Confesso que achei certos trechos de Humor um pouco cansativos porque a análise de Eagleton envolve ideias e conceitos que não me parecem tão familiares assim, como um tal "discurso carnavalesco" do russo Bakhtin, além de outras ideias que eu desconhecia. Como o "bathos", ou teoria do alívio, alívio esse proporcionado em seguida pelo riso depois de uma situação crítica vivida por alguém. Posso explicar meu cansaço porque comecei a ler o livro com o objetivo de, além de me informar um pouco mais sobre o assunto, encontrar anedotas e histórias engraçadas para rir um pouco, descontrair.

E em Humor as anedotas e ou piadas ou casos engraçados não são assim tão abundantes, embora eu tenha encontrado alguns textos interessantes que reproduzo em seguida:

"Consigo resistir a tudo, menos à tentação." (Oscar Wilde)

"Um dos ladrões [no Calvário] foi salvo", escreveu Samuel Beckett em Malone morre. "É uma porcentagem generosa."

“Não somente Deus não existe como tente conseguir um encanador nos fins de semana.” (Woody Allen)

Uma anedota curta: Moisés está descendo do Monte Sinai com as tábuas da Lei debaixo do braço. “Consegui reduzir para dez”, grita ele para os israelitas reunidos, “mas o adultério ainda é pecado."

Esta é uma anedota mais longa: "Um homem entrou no hospital exigindo ser castrado. Após tentar inutilmente fazê-lo desistir desse perverso desejo, a equipe médica enfim sucumbe e remove seus testículos durante uma longa cirurgia. O paciente é levado ao quarto e, depois de acordar da anestesia, pergunta ao paciente da cama ao lado para qual cirurgia ele está sendo preparado. "Circuncisão", responde o homem. "É essa a palavra!", exclama o paciente recém-castrado, dando uma palmada na testa."

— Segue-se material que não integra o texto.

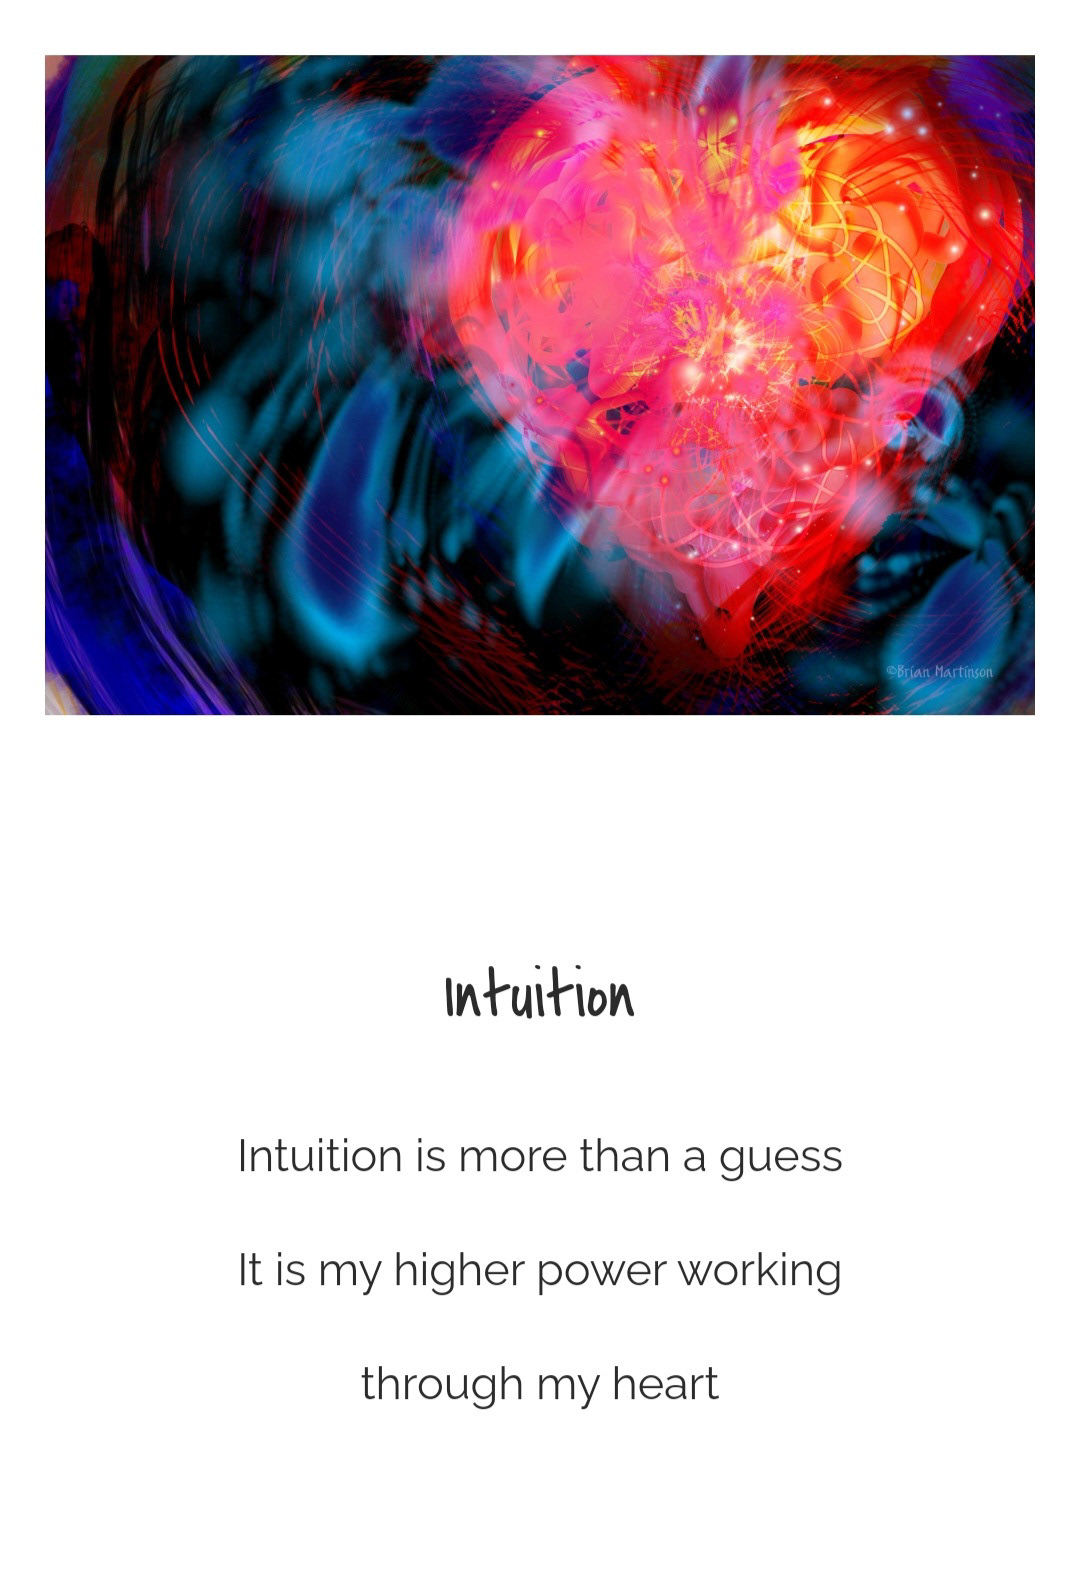 intuition heart Channel vessel conduit Love wisdom painting   арт fine art higher power
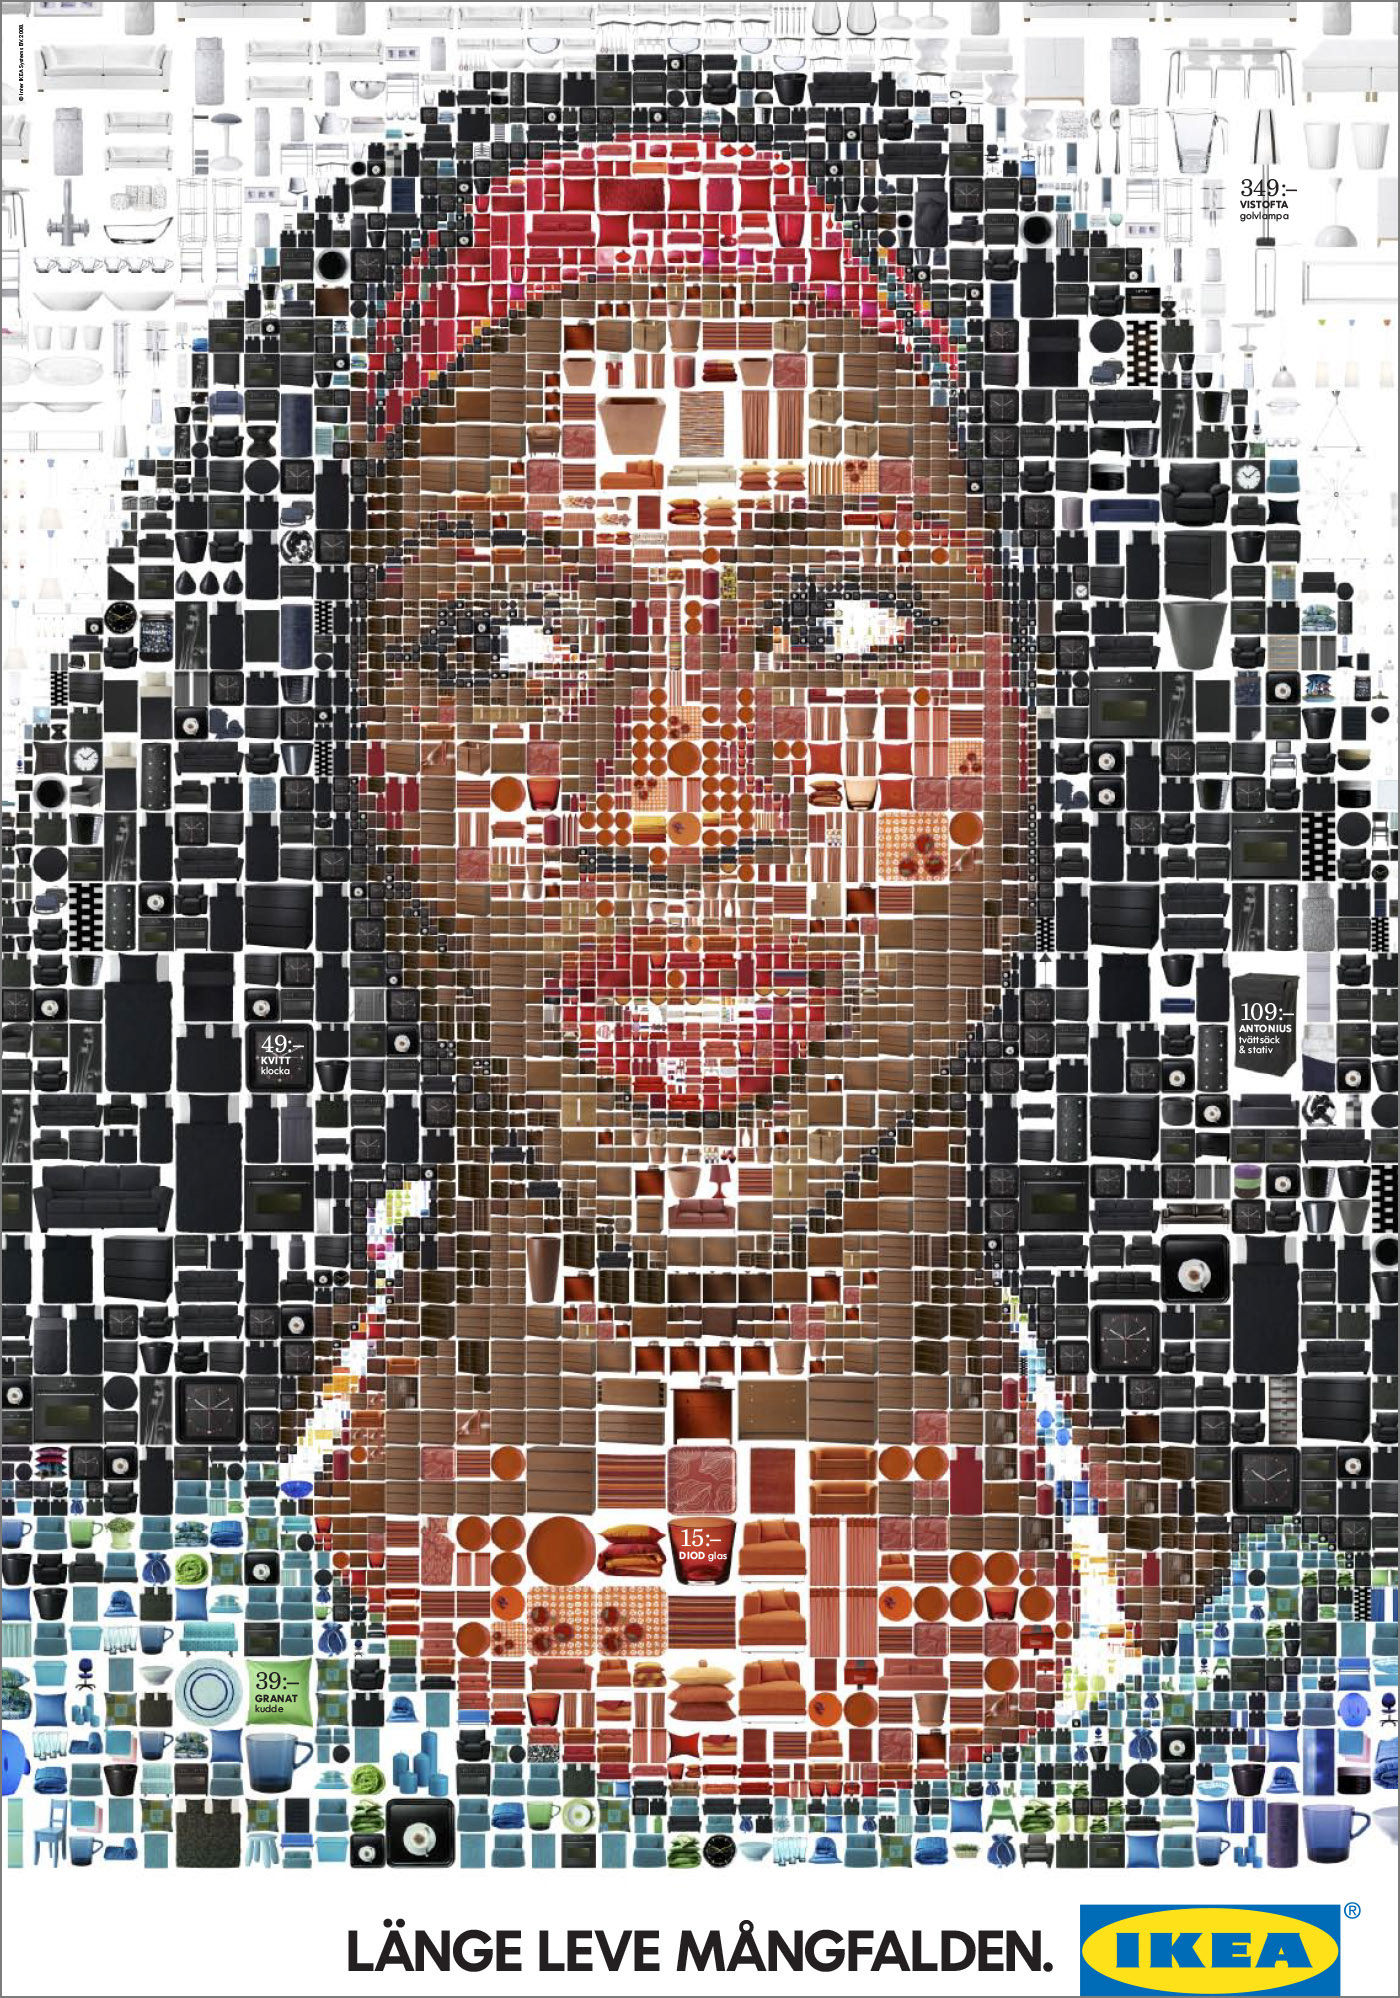 photomosaic visual design Advertising Campaign billboard gay african american social design photocollage computer graphics portraits

Porém, grande parte das anedotas ou casos narrados por Eagleton são cerebrais mesmo, nem tanto para rir, muito mais para pensar. E pensar, deduzir, refletir, buscar ou encontrar conexões entre as coisas, não apenas pode ser engraçado como pode ser crítico e inteligente também. E um exemplo de livro que tem tudo isso e muito mais, que é citado diversas vezes aqui é o conhecido (e ótimo) A Vida e as Opiniões do Cavalheiro Tristram Shandy, de Laurence Sterne.

O riso, tanto Bergson como Eagleton destacam, não muda o mundo, mas pode funcionar como crítica às pessoas, à sociedade, às instituições, à política e aos políticos. Rindo castigamos os costumes. Algumas vezes, no entanto, podemos até humilhar os alvos de nosso riso, pois também costumamos rir do que é excêntrico ou estranho, assim como podemos rir do que é trágico.

Trágico para os venezuelanos decentes foi que o Supremo deles ratificou a vitória do ditador Maduro numa eleição que teve o resultado fraudado. Porém, dias atrás foi anedótica a declaração de nosso presidente descondenado de que o governo da Venezuela é "desagradável", não uma ditadura (sic). Passando pano para seu amigo ditador, ele acabou inventando uma nova forma de governo além da democracia e da ditadura, a desagradável. Isso é altamente risível, e rindo castigamos os maus costumes políticos. Que abundam no Brasil e transformam os três poderes da república em podres poderes.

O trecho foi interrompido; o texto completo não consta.